The German government will purchase Fortum from Finland as part of the full nationalization of Uniper, giving the state a 99 per cent ownership stake.
"This is clearly not sustainable from a public finance perspective," Bruegel senior fellow Simone Tagliapietra said of Europe's overall energy crisis bill.
"Governments with more fiscal space will inevitably better manage the energy crisis by outcompeting their neighbours for limited energy resources over the winter months."
In announcing the Uniper move and other initiatives to prevent energy rationing this winter, German Economy Minister Robert Habeck stated: "The state will... do everything possible to always keep the companies stable on the market." 
According to a government spokesperson, the German government now has control over some Russian assets as a result of the Uniper ationalization, and it is considering what to do with them.
Compared to other countries in Europe, Germany was more dependent on Russian gas, which was primarily delivered via the Nord Stream 1 pipeline.
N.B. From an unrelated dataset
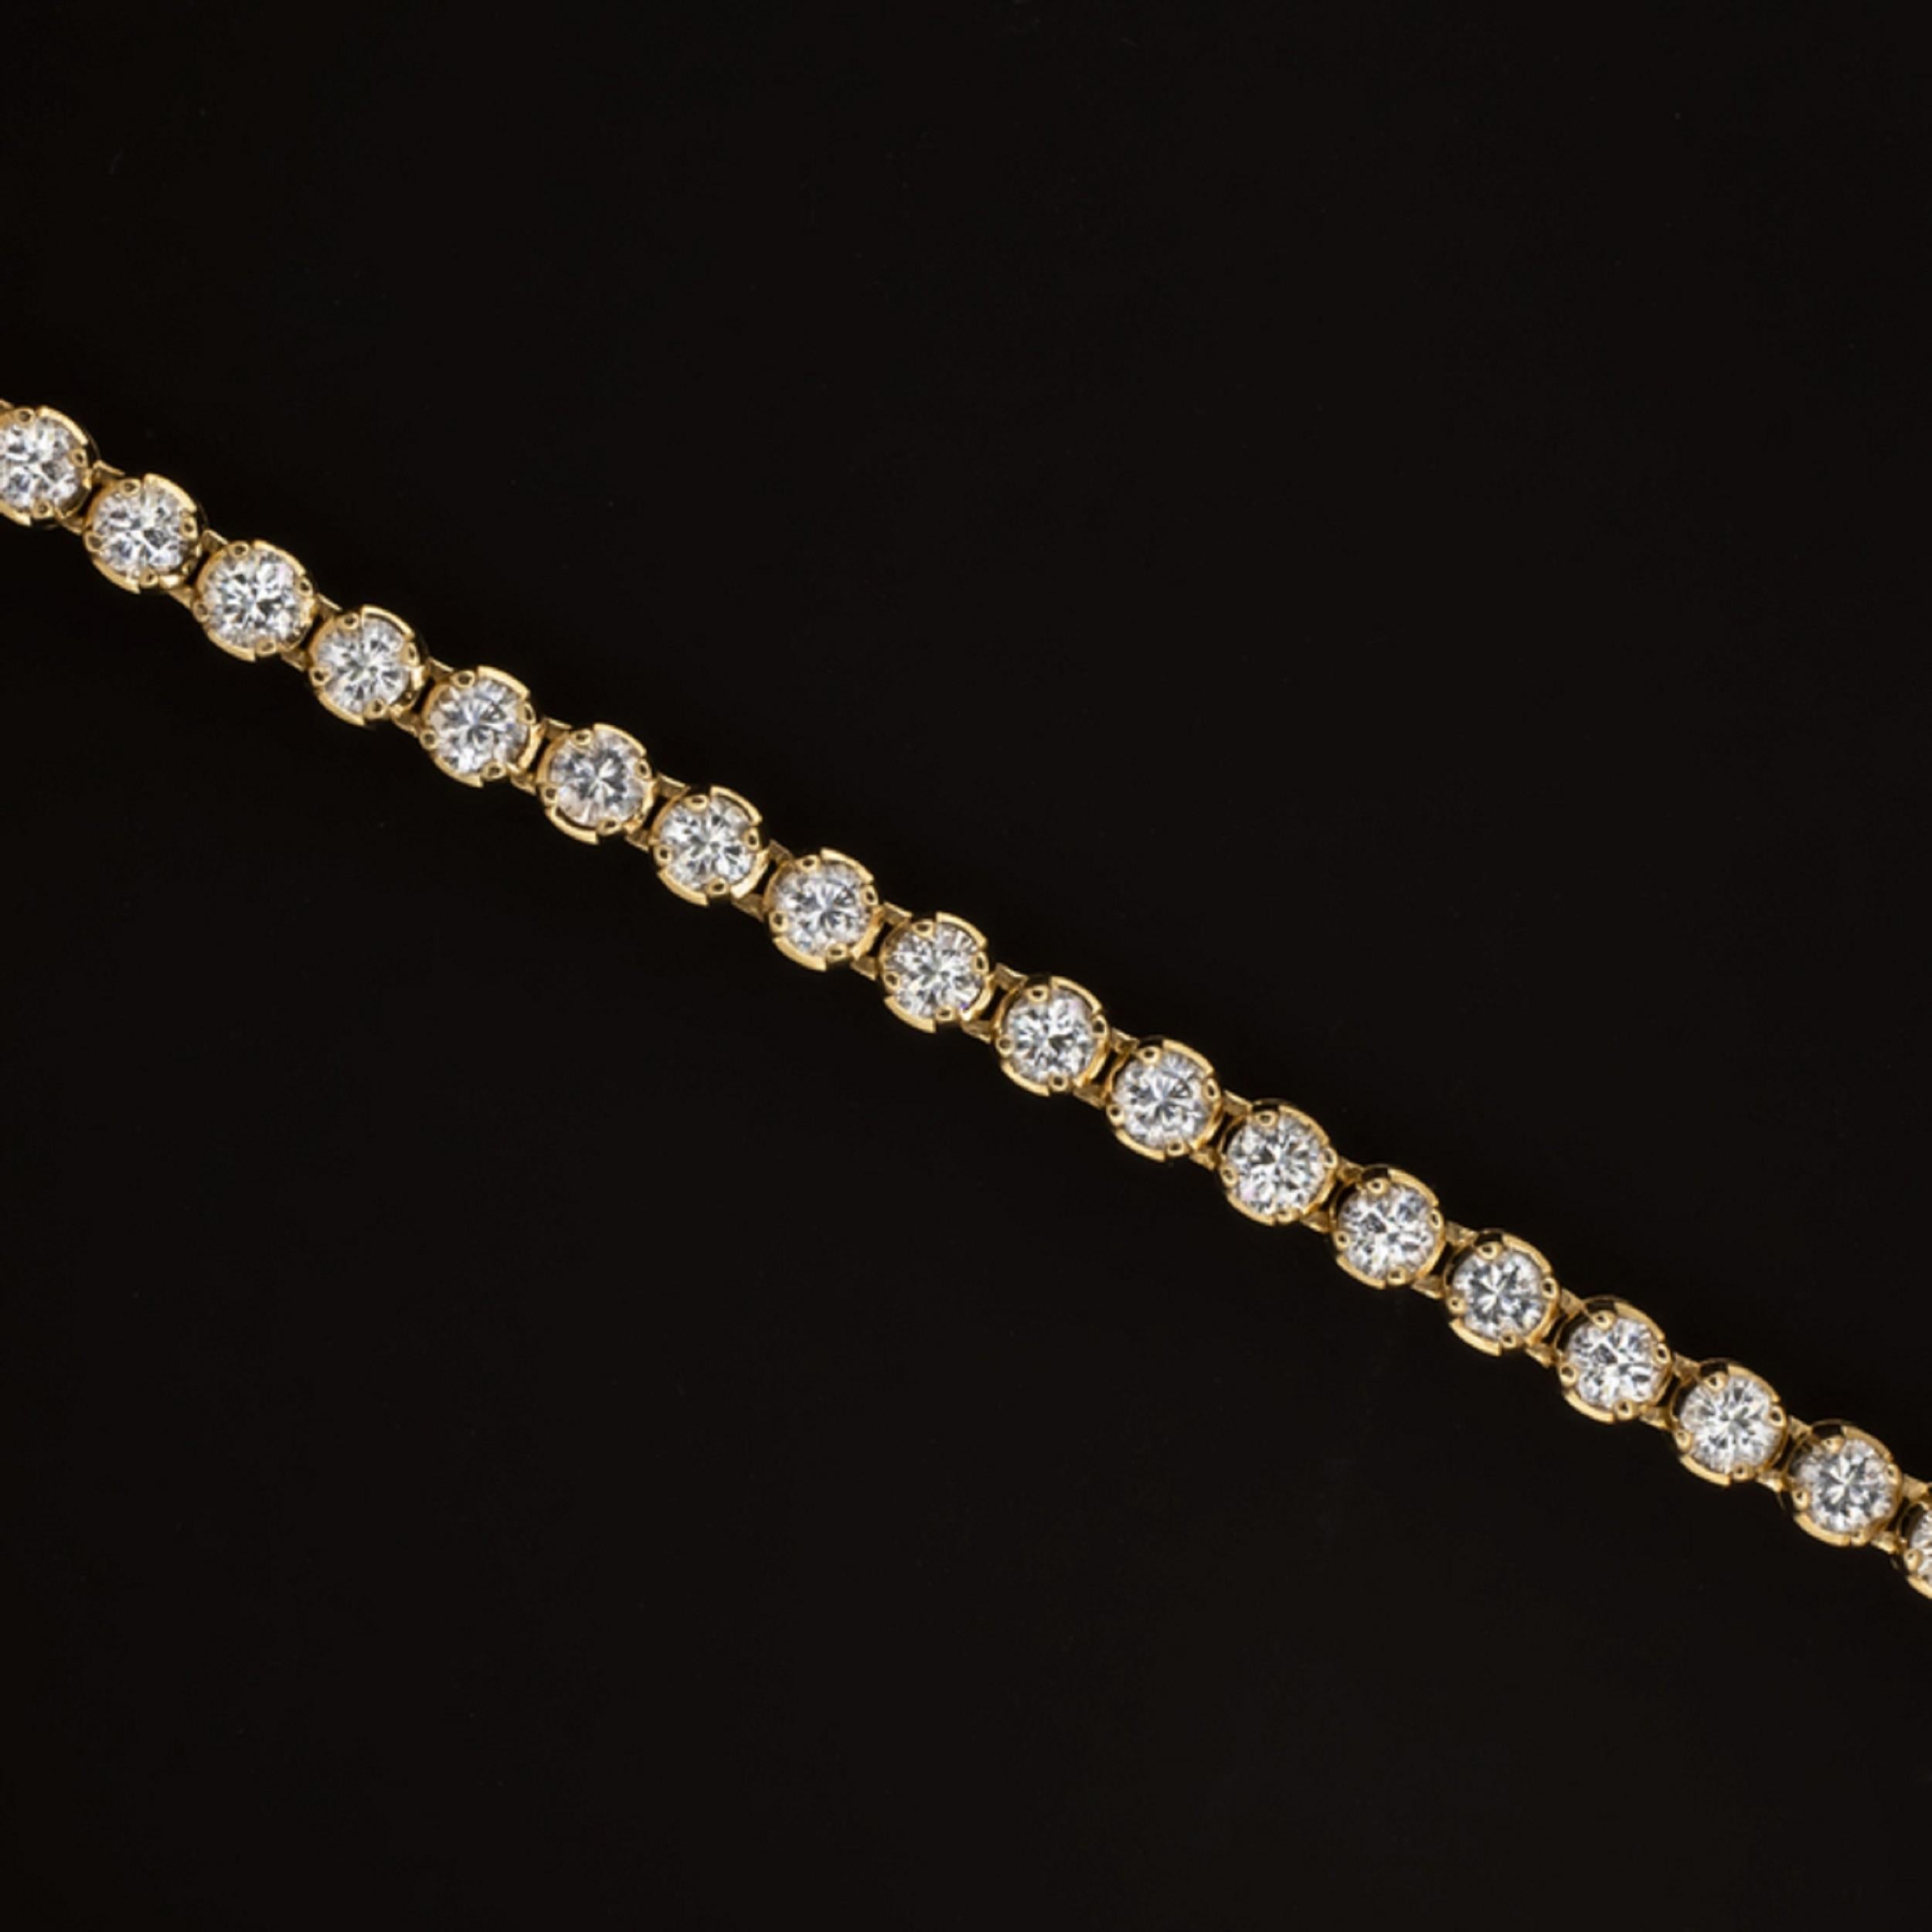 sparkling tennis bracelet has a classic design that will never go out of style! Featuring 5 carats of beautifully white, eye clean diamonds, this beauty offers brilliant, eye catching sparkle. At 0.10ct each, the diamonds are individually sizeable.
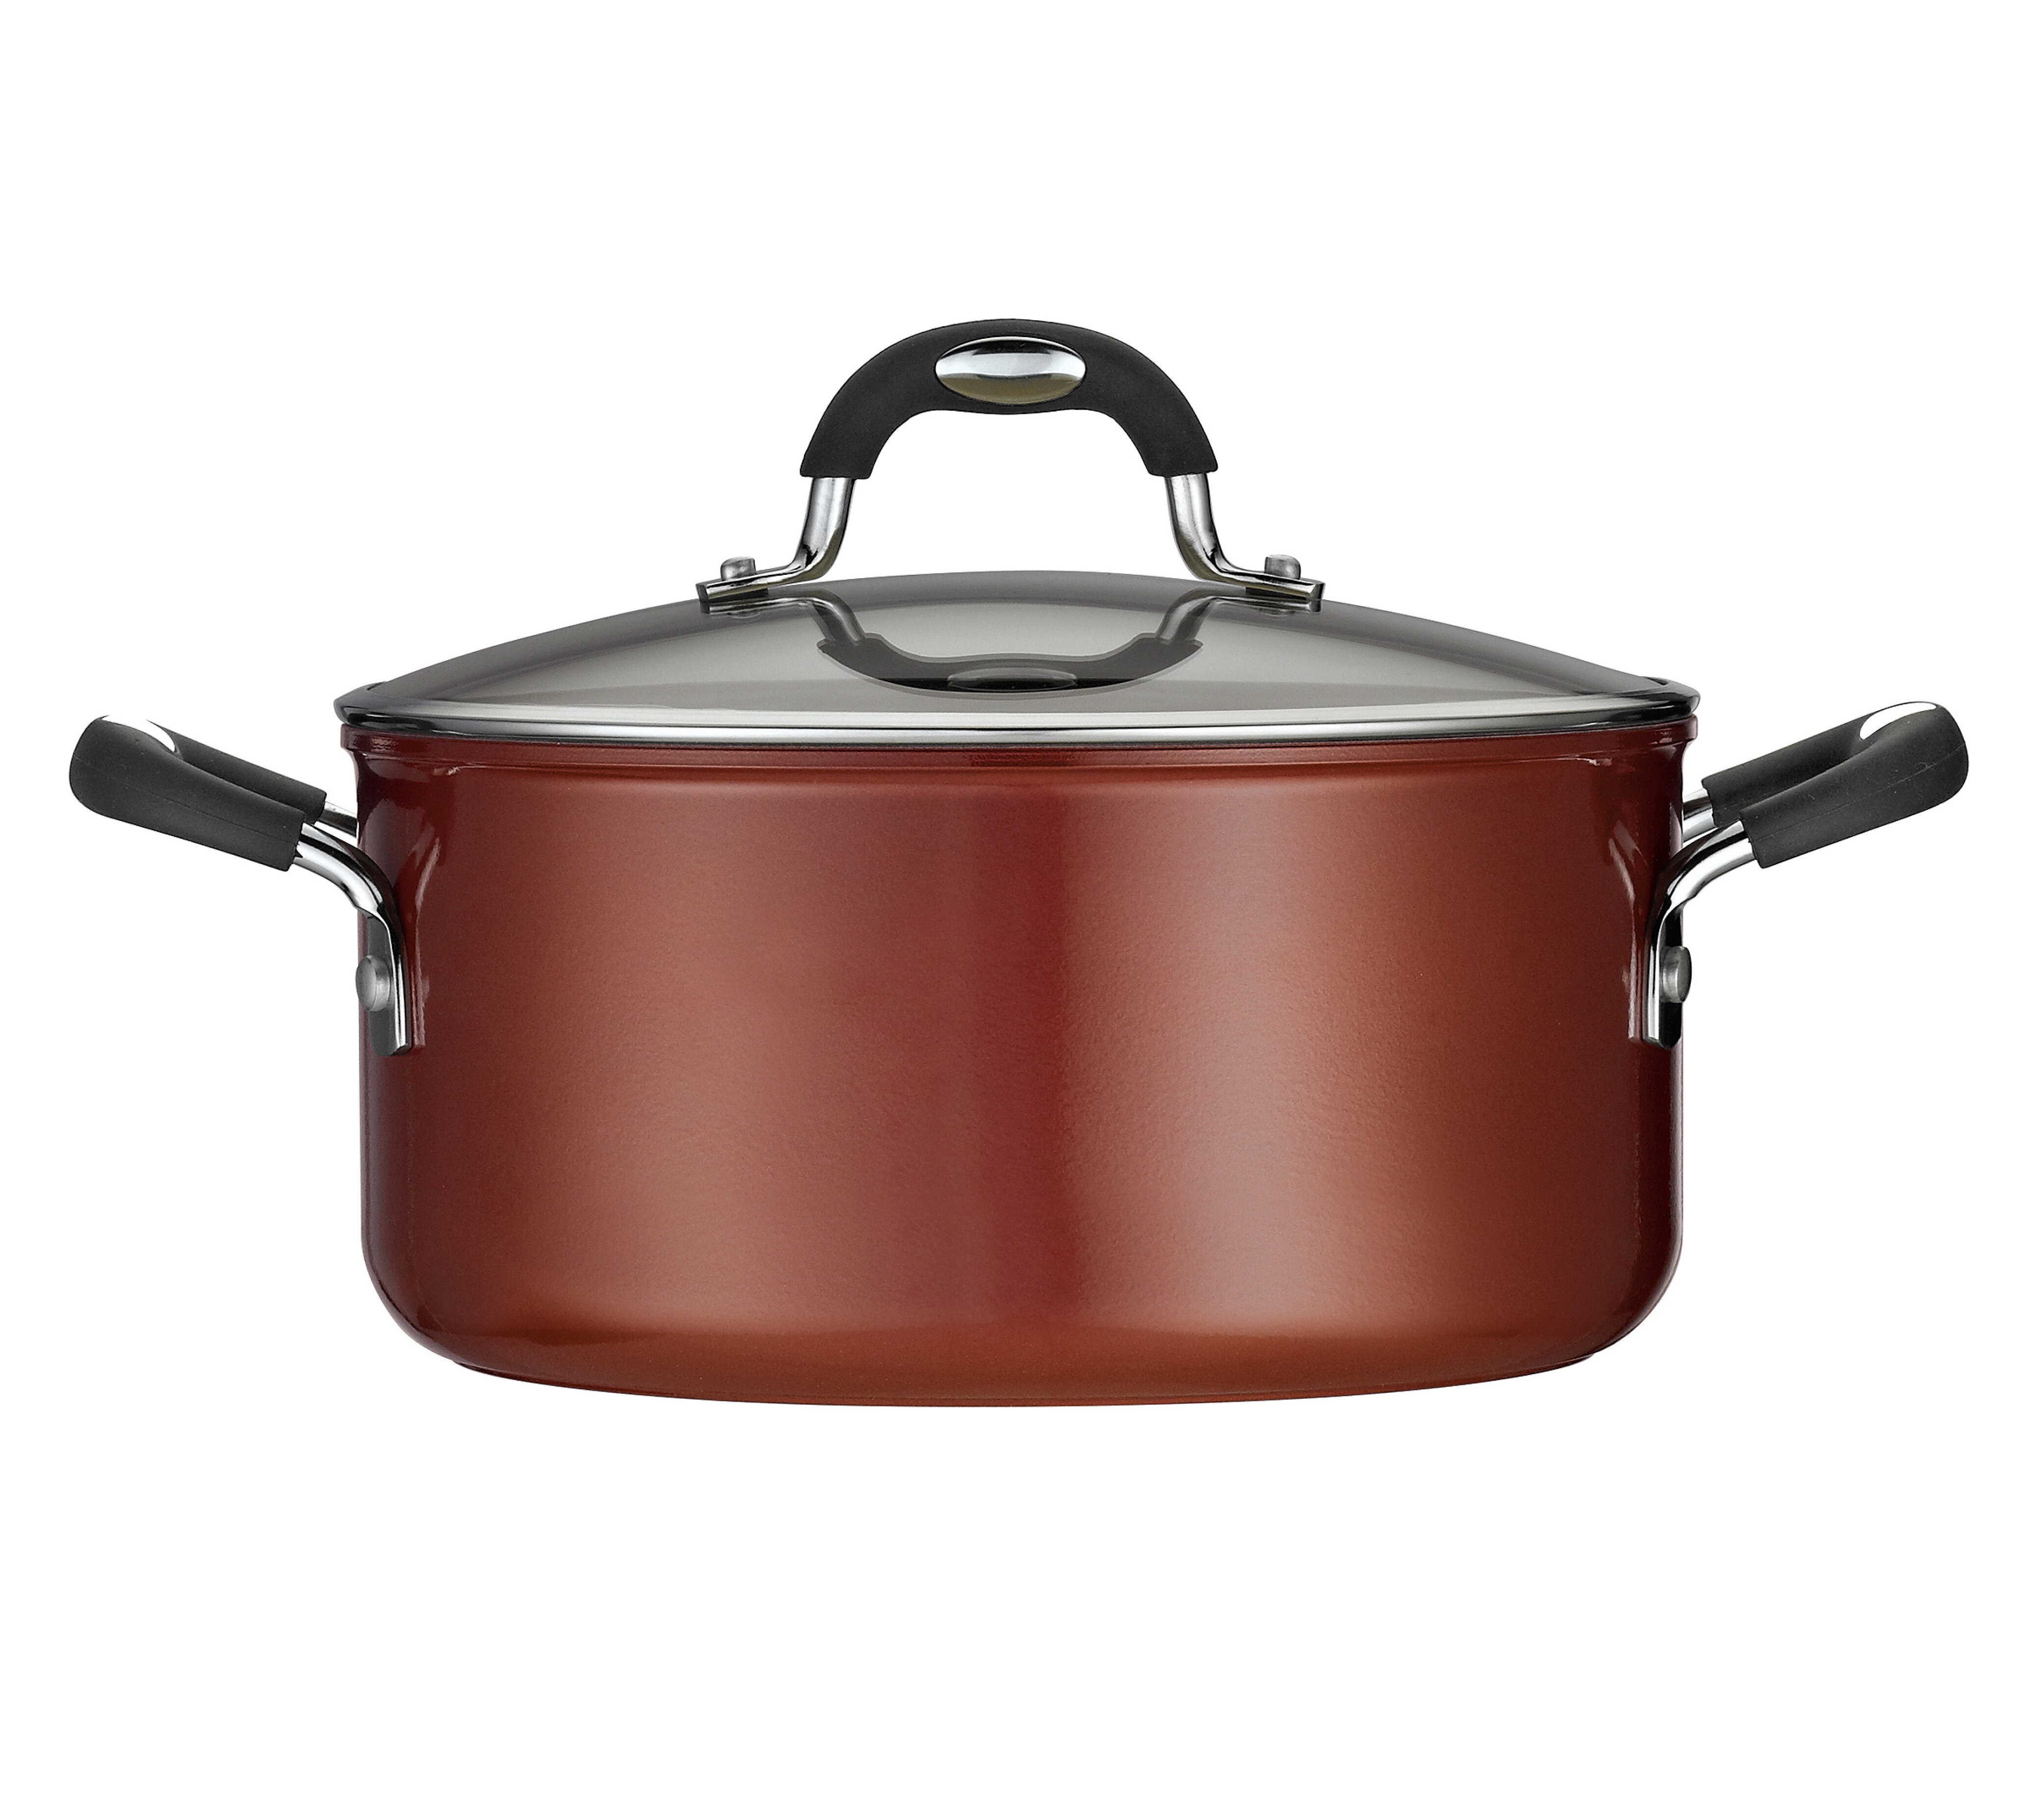 Lodge Cook-It-All Cast Iron Cookware - Lagrange Hardware

Russia stopped all pipeline traffic, blaming Western sanctions for making things difficult. Politicians in Europe dismiss that as a ruse and accuse Moscow of using energy as a weapon.
The German government has already de facto nationalized Gazprom Germania, a division of the Kremlin-controlled Gazprom and a subsidiary of Rosneft, the Russian oil company. The total cost, including Uniper's bailout, is about 40 billion euros.